One difference seems to be whether each control has code to check for navigation key presses, or whether that is done at the top level and instead of keys presses you pass down ‘MoveFocusLeft/Right/Up/Down’ events. I think the latter would be easier for ensuring that navigation works with the same keys everywhere, and not having to possibly perform as many checks while propagating the key press event (which would still happen I figure).

These move focus events (or a single one with a direction parameter) would be handled by ‘focus groups’ just like the keys presses would be handled in your approach. What bothers me about your approach is that the ‘left/right/up/down/whatever’ thing is only a thing because of the keys/buttons you pass in, otherwise there is only previous/next which makes a 2d layout require column/row nesting.

The other big difference is that I prefer the directional approach, where instead of moving ‘just’ within the focus group, it searches along the hierarchy, if there is something in the chosen direction that can be focussed. I don’t see any issues with this really, though it might be tricky to implement.

In the case where you have a list of controls, one of which has sub-focussable things in a different direction, moving down that list would focus the bigger control, which would then have a few lines of code that would focus the right child (based on it status), and then the focus is in that sub system, where you can move it, say, left and right, but if you want to go up/down there won’t be local children to move to, so it’ll search in the hierarchy for the next thing in that direction.

I think that’s really not so different from your approach, expect that you sort of define 100% what navigation is possible in code, while this here would be implicit and based on location.

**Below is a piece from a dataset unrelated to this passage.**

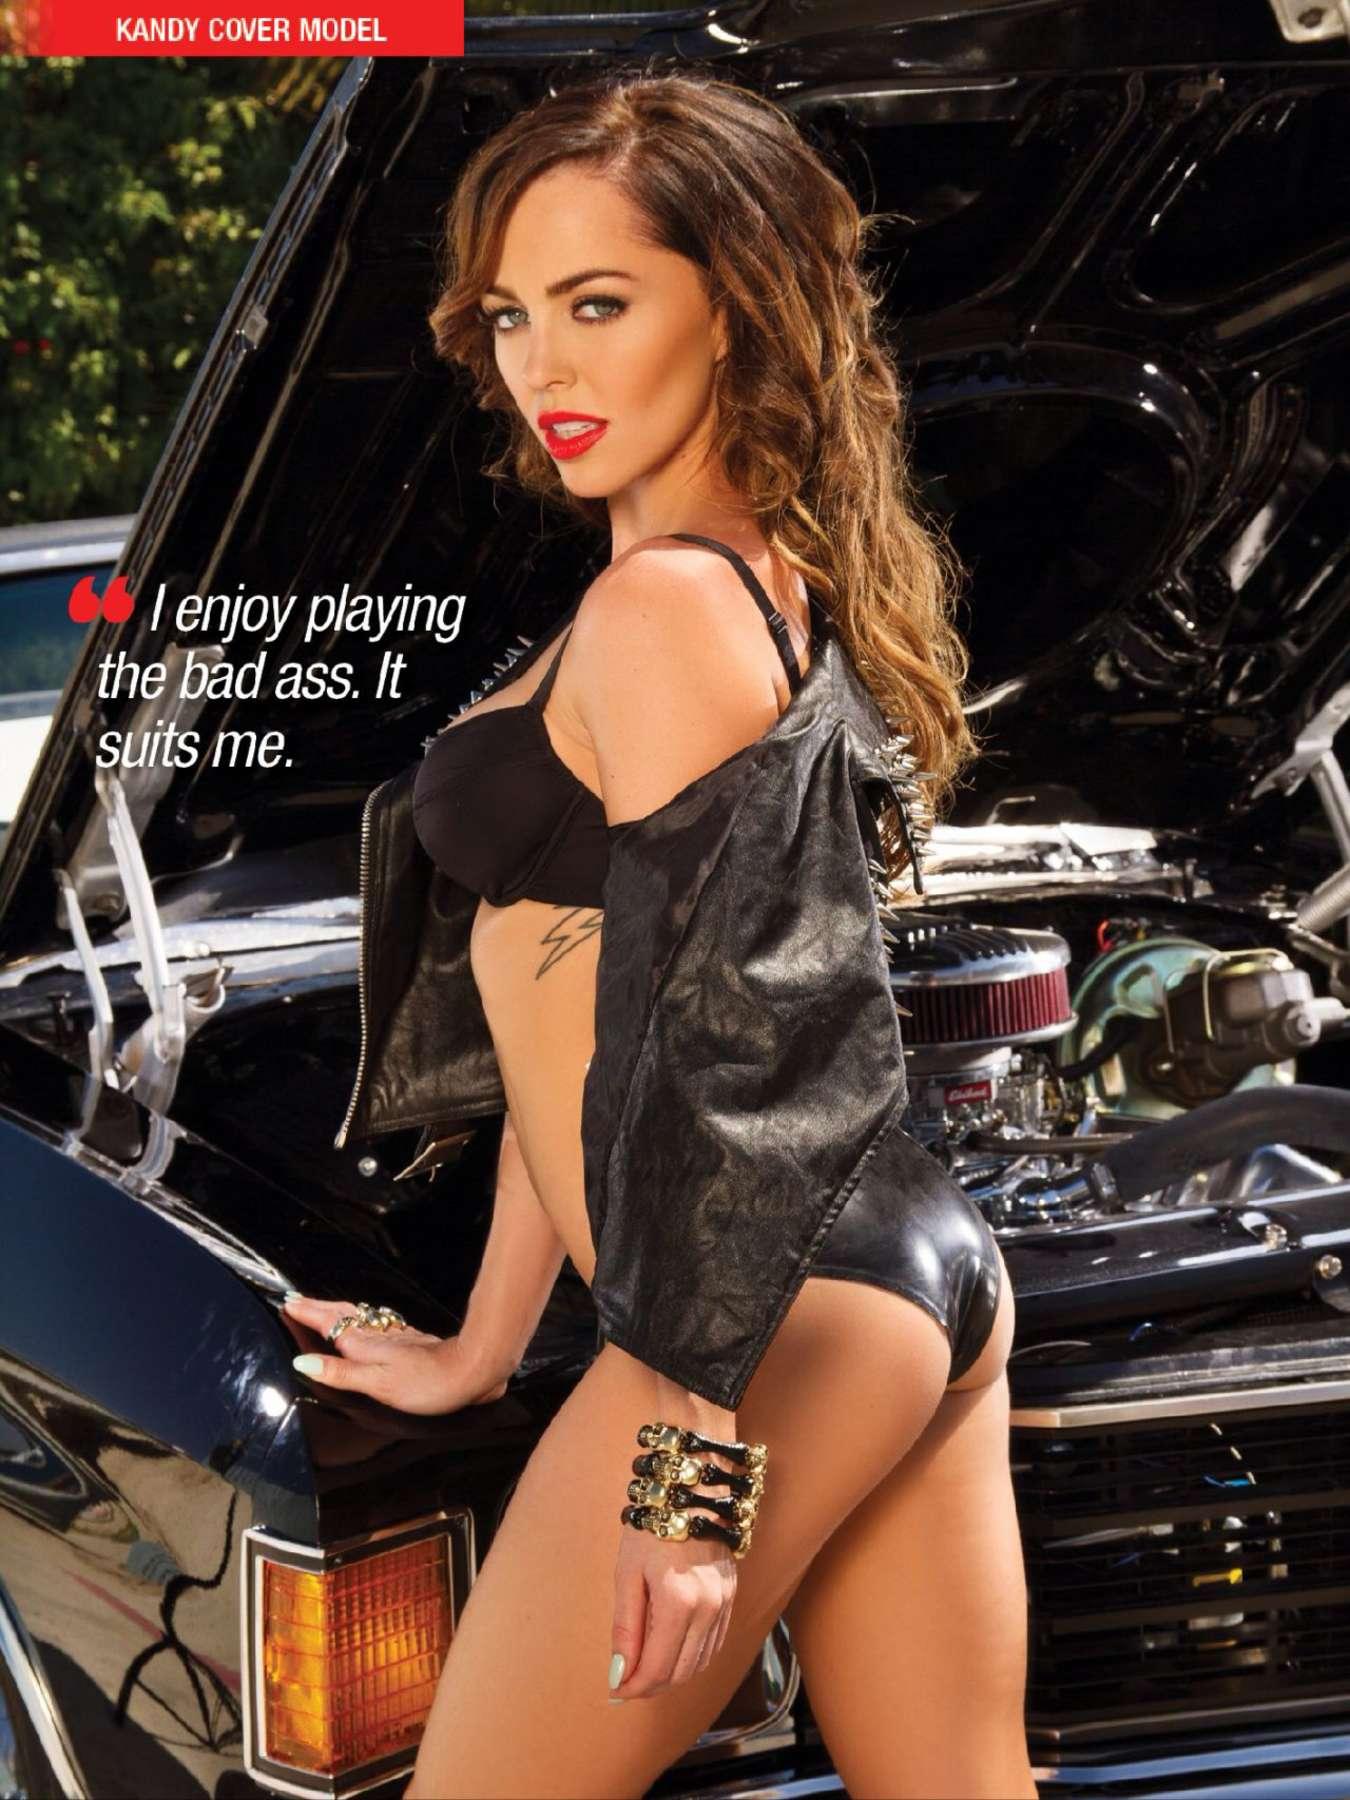 Kandy Magazine 2014
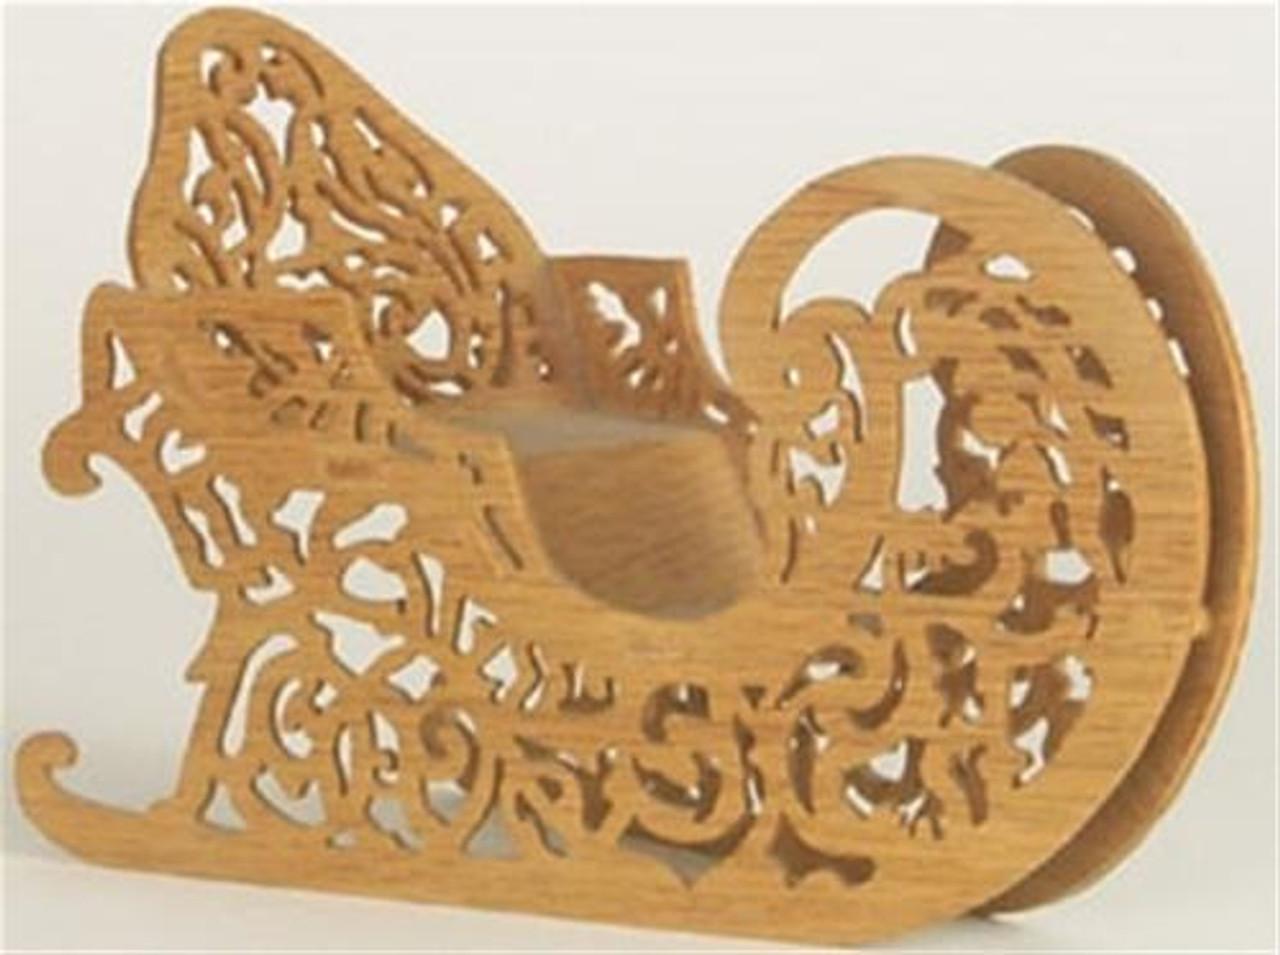 Wildwood Designs Santas Sleigh Scroll Saw Plan

In both cases, on navigation, it performs a check if there is a sibling that can be focussed in the given direction, if yes, that’s focussed, maybe even one of its children, if not, you go up in the tree and see what the next thing is where we can move focus (you call that thing a focus group), and try the same thing there.

One argument against my approach my be that it could more easily conflict with other key-handling, though maybe it would only do the focus moving if the key event came back unhandled in the first place (which also leaves room for custom handling, where needed). In fact... given this, our two approaches could even be combined. Or a ‘directional focus mover’ could just be another composite control, and you get different behaviours where you want them?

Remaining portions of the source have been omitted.